I am trying your PR with cyberneurova-DeepSeek-V4-Flash-abliterated-Q2_K.gguf

A simple "Hello" works:

$ ./ds4 --ctx 100000 -m ./gguf/cyberneurova-DeepSeek-V4-Flash-abliterated-Q2_K.gguf -p "Hello"
ds4: context buffers 2842.64 MiB (ctx=100000, backend=metal, prefill_chunk=2048, raw_kv_rows=2304, compressed_kv_rows=25002)
ds4: requesting Metal residency (may take tens of seconds)... done
ds4: warming Metal model views... done
ds4: Metal model views created in 2.490 ms, residency requested in 477.369 ms, warmup 3.854 ms (mapped 94228.38 MiB from offset 5.08 MiB)
ds4: Metal mapped mmaped model as 2 overlapping shared buffers
ds4: Metal backend initialized for graph diagnostics
We need to respond to the user's greeting. The user said "Hello". As a helpful assistant, I should respond politely and ask how I can assist.
Hello! How can I help you today?
ds4: prefill: 41.37 t/s, generation: 38.94 t/s

But a longer prompt produces an error like this, after about 2 lines of thinking tokens output:

$ ./ds4 --ctx 100000 -m ./gguf/cyberneurova-DeepSeek-V4-Flash-abliterated-Q2_K.gguf --prompt-file ./prompt.md
ds4: context buffers 2842.64 MiB (ctx=100000, backend=metal, prefill_chunk=2048, raw_kv_rows=2304, compressed_kv_rows=25002)
ds4: requesting Metal residency (may take tens of seconds)... done
ds4: warming Metal model views... done
ds4: Metal model views created in 2.456 ms, residency requested in 467.611 ms, warmup 4.040 ms (mapped 94228.38 MiB from offset 5.08 MiB)
ds4: Metal mapped mmaped model as 2 overlapping shared buffers
ds4: Metal backend initialized for graph diagnostics
[about 100 thinking tokens skipped]ds4: Metal graph indexer q projection expects F16 weights
ds4: decode failed: Metal decode failed

FWIW I think this is the smoking gun:

ds4: Metal graph indexer q projection expects F16 weights

The decode-time indexer code at metal_graph_encode_decode_layer (ds4.c:9082-9095) still has two F16-only validators on indexer_attn_q_b and indexer_proj that I missed in the initial loader pass. These validators only fire after `g->layer_n_comp[il] > decode_top_k` — i.e. once the compressor has accumulated more rows than the decode-time top-k.
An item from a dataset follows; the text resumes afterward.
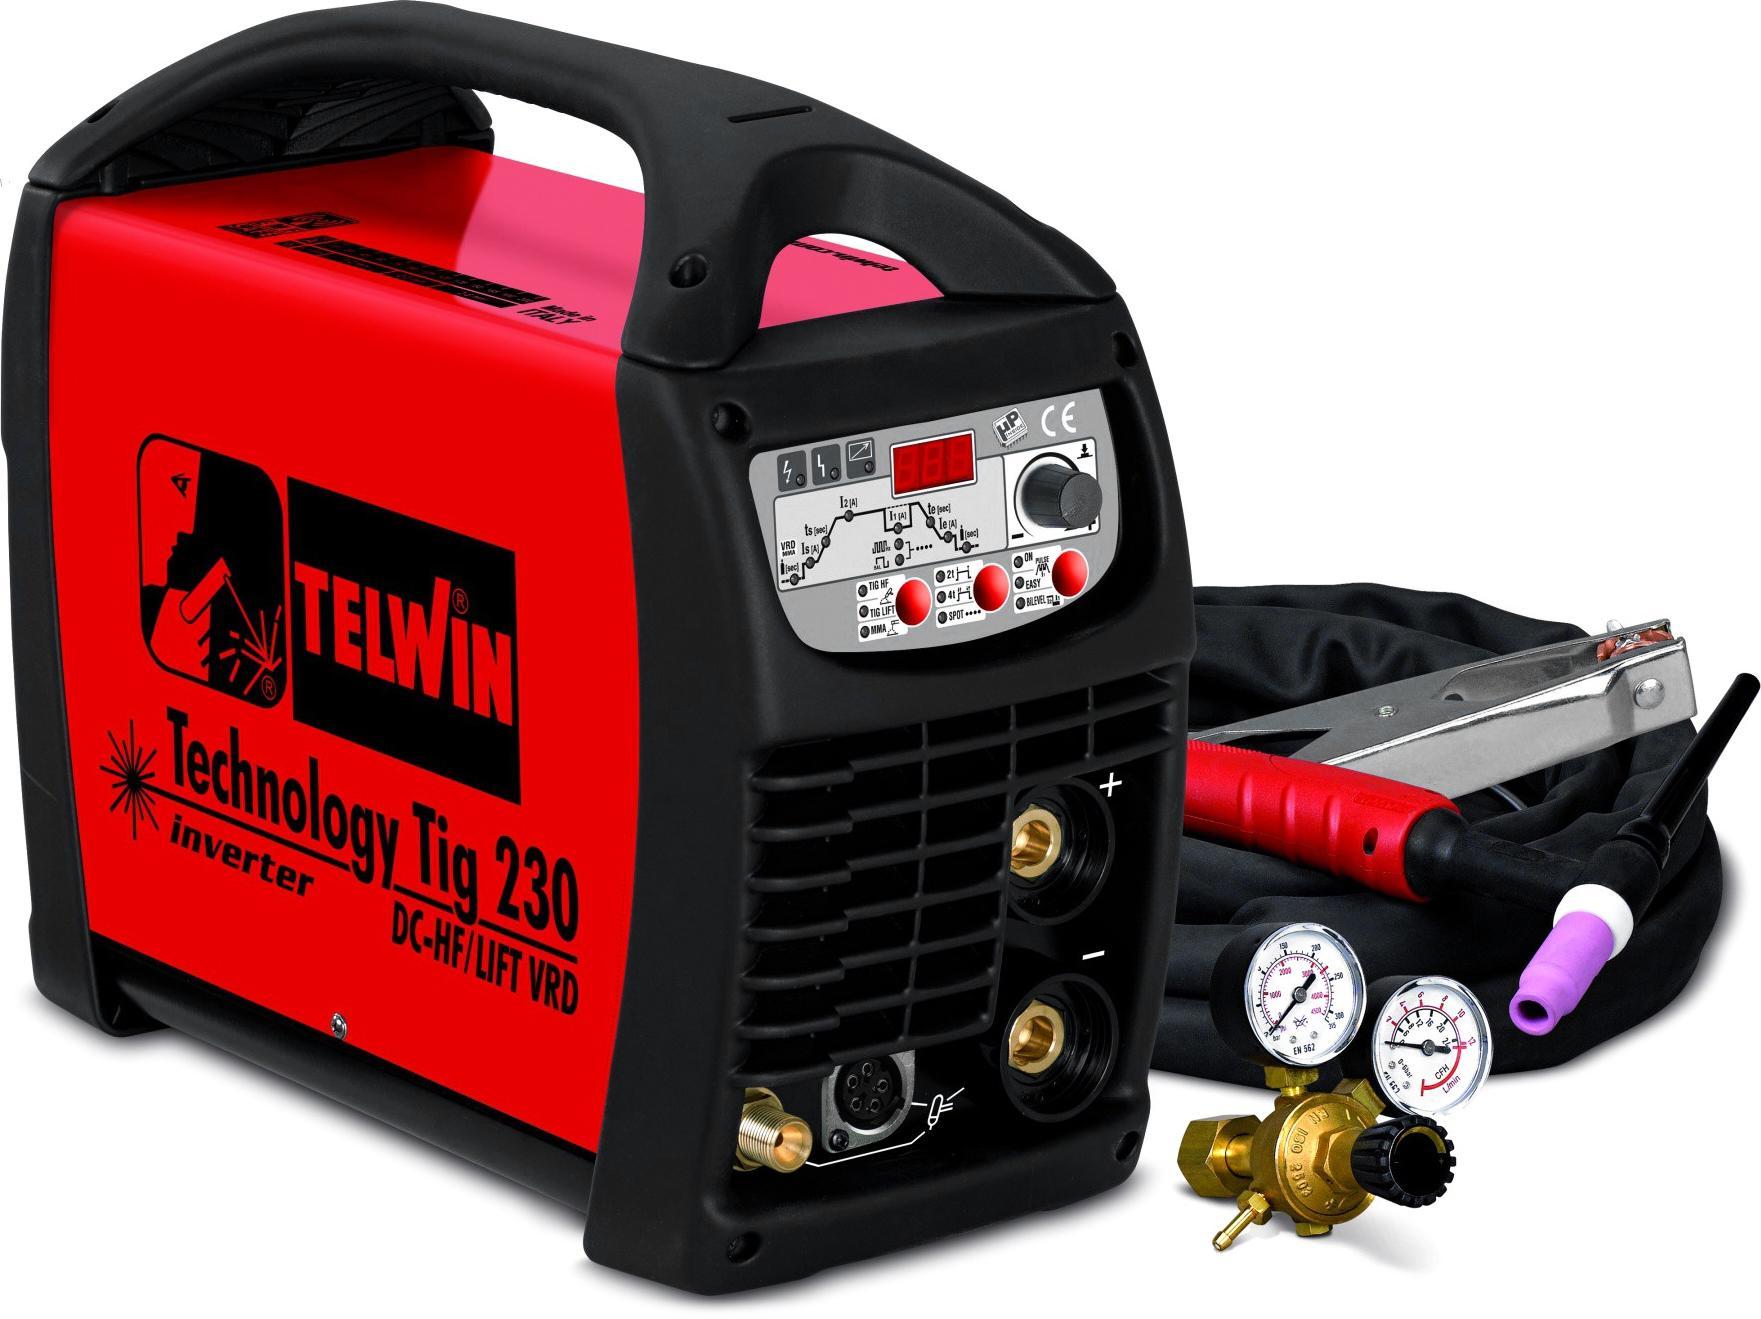 Сварочный аппарат Telwin Technology tig 230 dc-hf/lift vrd 230v + tig acc (852055)
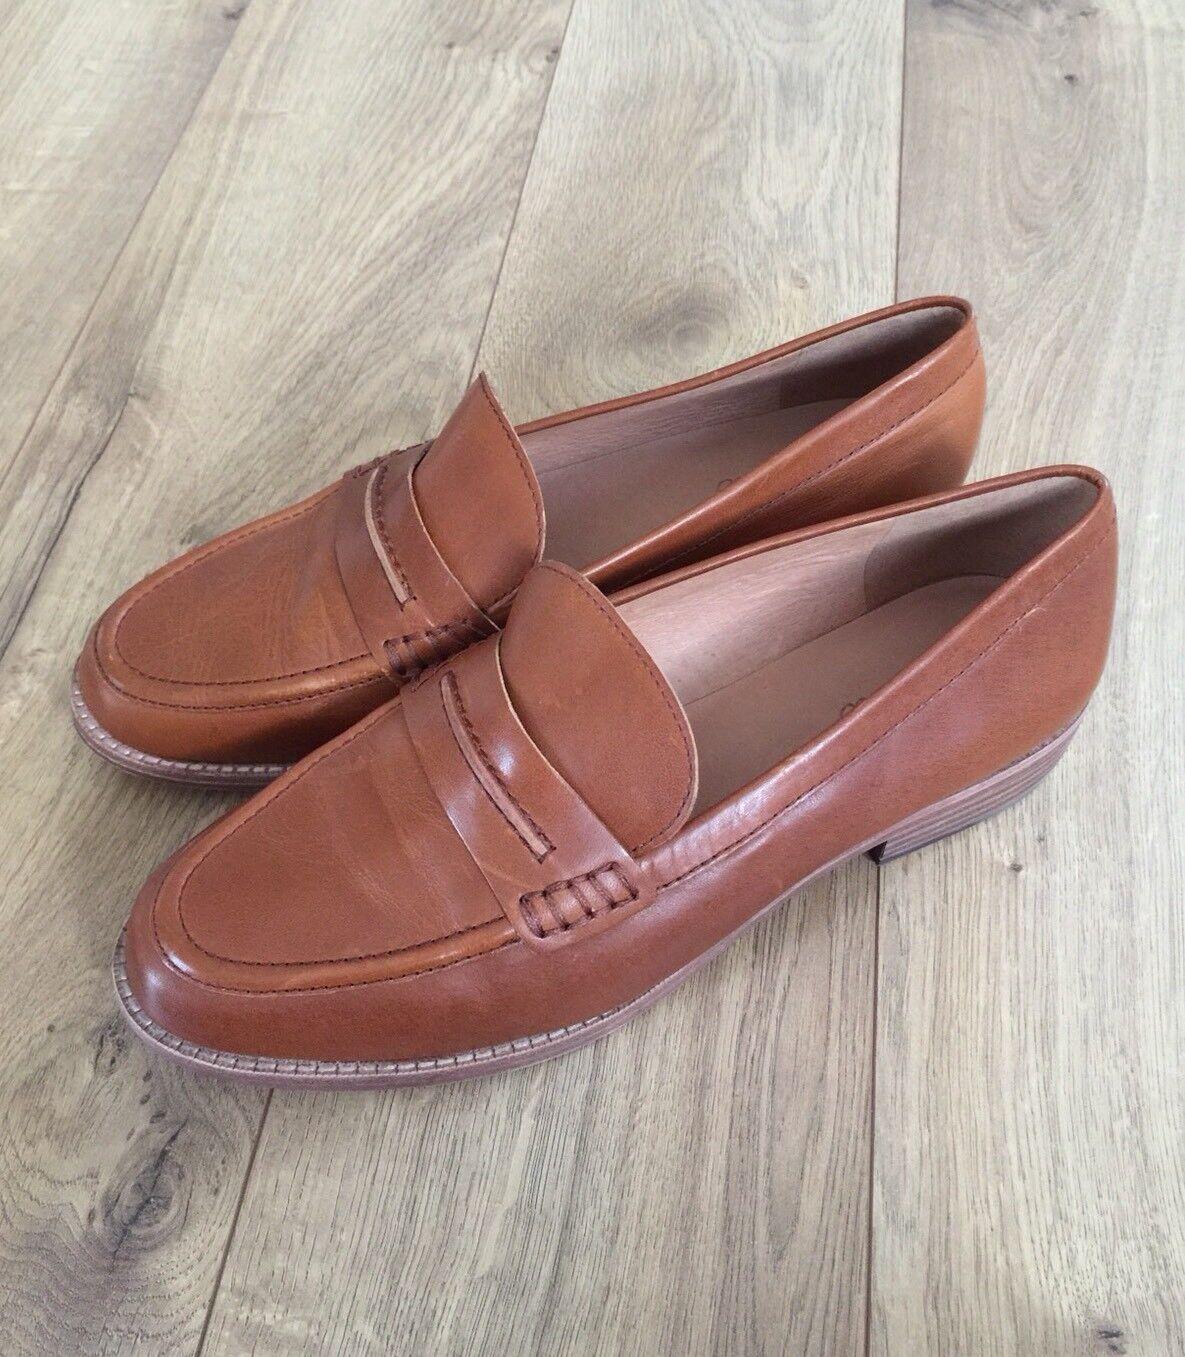 New Madewell The Elinor Loafer in Sz Leder Dark Chestnut Sz in 11 F5096 f0de83

For short generations the path isn't reached; for ~400+ token generations on stock-recipe (Q8_0) GGUFs the validator trips and the request finishes with finish_reason="error" / "Metal decode failed". The downstream calls already use metal_graph_matmul_plain_tensor (which dispatches to ds4_metal_matmul_q8_0_tensor for Q8_0). The loader-time validator at line 2211-2212 already uses tensor_expect_dispatch_layout, which accepts F16/F32/Q8_0. Only these runtime guards were stuck on F16. Reproducer (cyberneurova Q2_K, default flags): a "write a long story" prompt that generates ~800 tokens hits the validator after ~400 tokens and the request errors out. After this fix, the same prompt streams 800+ tokens cleanly.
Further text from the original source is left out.